O fim da pobreza

Editora Companhia das Letras

Jeffrey Sachs foi considerado pela revista Time uma das cem pessoas mais influentes do mundo. Ele é famoso pelo plano que acabou com a hiperinflação na Bolívia e por sua assessoria na liberalização econômica radical da Polônia e da Rússia. Mas cada vez mais ele vem se envolvendo na solução de um problema que ainda assombra grande parte da humanidade: a miséria e suas seqüelas sociais. Sachs visitou mais de cem países e conviveu com todos os graus de pobreza, especialmente a miséria extrema das aldeias africanas assoladas pela fome, pela malária e pela AIDS. Unindo a narração de histórias emocionantes (passadas principalmente na Bolívia, Polônia, Rússia, Índia, China e África) com análise rigorosa, Sachs explica como, nos últimos duzentos anos, a riqueza se tornou desigual no planeta e expõe os motivos que impedem as nações mais pobres de melhorar sua sorte.
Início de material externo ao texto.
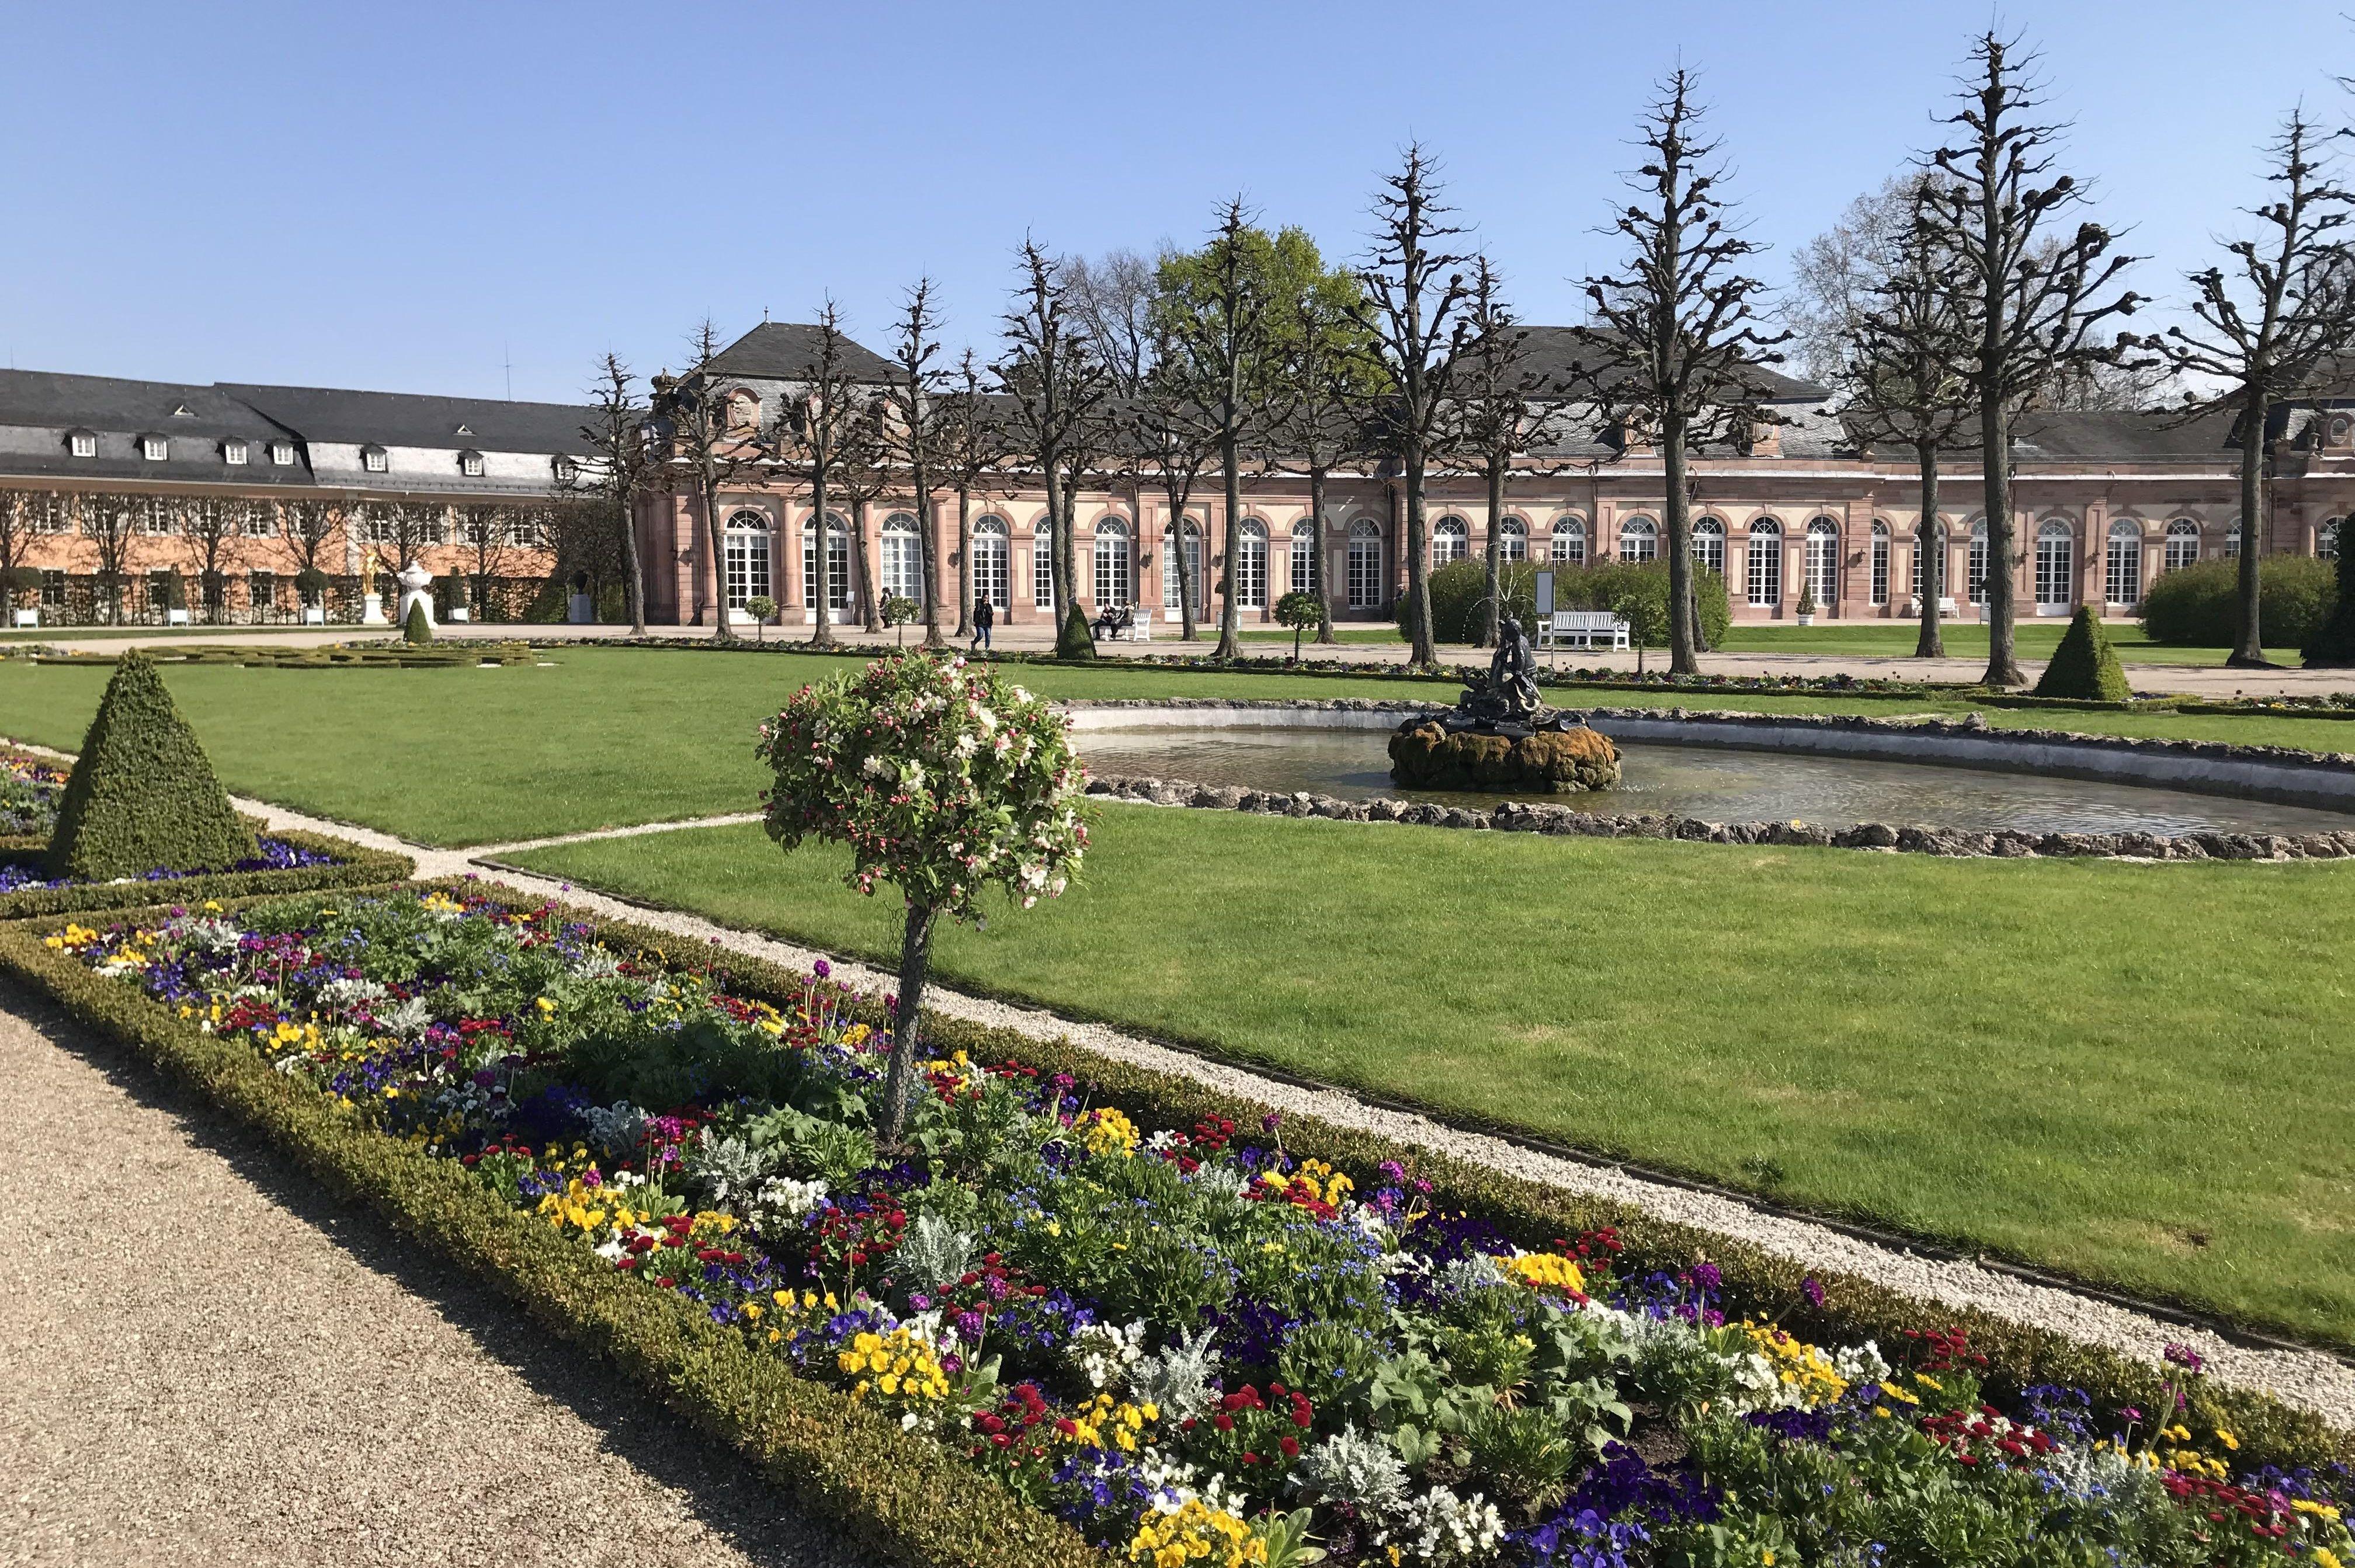 Schloss und Schlossgarten Schwetzingen, Schlossgarten; Foto: Staatsanzeiger für Baden-Württemberg GmbH, Anja Stangl

Ele também ensina a fazer um diagnóstico detalhado dos desafios econômicos a serem enfrentados por um país e a descobrir as possíveis saídas, propondo soluções a curto prazo. Ao mesmo tempo, dirige duras críticas aos países ricos - em especial os Estados Unidos - e aos organismos financeiros internacionais. Este e-book não contém as imagens presentes na edição impressa.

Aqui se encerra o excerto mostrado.